Let's say I decide not to buy a car. That doesn't make my transportation needs disappear.
I might walk a lot, using sidewalks and streets built with tax dollars, the same byways I'd pound if I rode a bicycle.
I might use city buses or trains, which are subsidized by public dollars.
I might bum rides from friends.
It might look like I'm not participating in our great automobile-driven society. But I'm simply making other choices, which someone is underwriting, not always me.
Or say I do buy a car -- but don't, for whatever reason, purchase required insurance.
If I cause a wreck, I might pay the other driver's expenses out of pocket. But if I can't afford it, the other driver's insurer gets the bill. And someone's premium probably goes up. Though not mine, ha, ha, because I've refused to participate in the government directive.
It's a fallacy to think that individuals who don't pay to play in a major economic activities have no impact and thus shouldn't be forced to get in the game.
Opponents of the new health care law argue that it's an unheard-of expansion of congressional power, an unconstitutional coercion.
Have they never heard of Social Security, which the Supreme Court upheld in 1937?
Health insurance isn't like chewing gum. If I don't buy gum, so what? If I don't buy health insurance, I've made an economic decision with costs and ramifications.
If I'm healthy, I risk that I won't need a doctor, but if I do, I'll be able to pay the bill myself. If I can't pay, maybe I can borrow money. Or maybe I can use the emergency room, and the costs will be absorbed by the hospital, passed on to paying patients or covered by government compensation to the hospital for charitable care.
Of course, if many healthy people take this route, sick people make up a larger proportion of those insured, which drives up everyone's premium to share the risk.
If I'm not so healthy and don't get insurance, chances are greater that I'll wait until I'm sicker to see a doctor, which will make my care more expensive. Or I might rely on a public clinic or ER, where tax dollars will end up paying for some or all of my treatment.

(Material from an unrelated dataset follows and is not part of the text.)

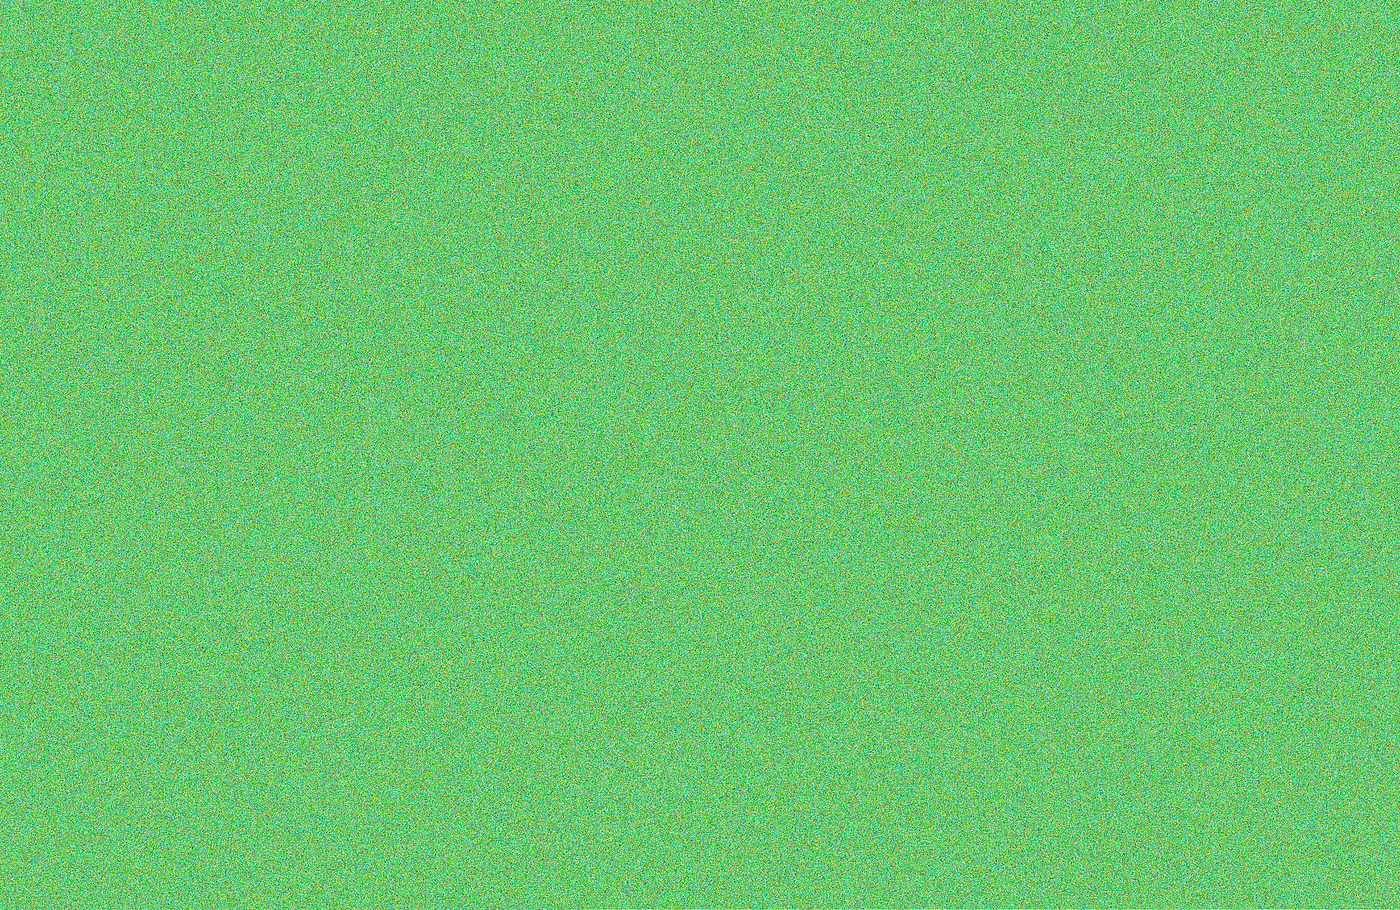 Adrian Sauer, 16.777216 Farben in rot, grün und blau – grün

I'm not under the delusion that the new law will magically reduce my healthcare expenses. But it's easy to forget how much the system as it's been costs all of us.
The federal lawsuit that 13 state attorneys general filed Tuesday to challenge the Patient Protection and Affordable Care Act cites several grounds. The one Texas Attorney General Greg Abbott focused on in a recorded interview posted online by Texas Tribune was the "individual mandate."
The new law requires Americans who don't already have health insurance to get it if it's available and affordable -- or pay a tax. The insurance companies wanted this provision if they also were going to have to cover those, including children, with pre-existing conditions.
The Constitution, through the Commerce Clause and tax-and-spend power, allows Congress to require certain behavior, including paying taxes, to promote the general welfare.
But Abbott told the Texas Tribune that it is "unprecedented in American history" for Congress to regulate the activity of people who refuse to buy goods or services.
He's overreaching -- not to mention wasting Texas' taxpayers' money by taking part in this suit when the state faces an $11 billion budget deficit next year.
Seems as though only individuals, not state AGs, have legal standing to object, anyway. Even so, it's hard to argue that people who've redistributed costs, usually to the rest of us, haven't affected the commerce system.
Do we protect their "liberty" in order to maintain a system whose freedoms are hard to see? Where's the freedom in watching premiums soar every year as coverage shrinks?
Where's the freedom in having benefits capped when you face a debilitating disease requiring expensive treatment?
Yale law professor Jack Balkin wrote in the New England Journal of Medicine that to strike down the individual mandate the Supreme Court "would have to reject decades of precedents."
Or maybe the justices could find a new right to opt out of health insurance right there in the Constitution's privacy protections, or in its penumbras and emanations. Wouldn't that be ironic.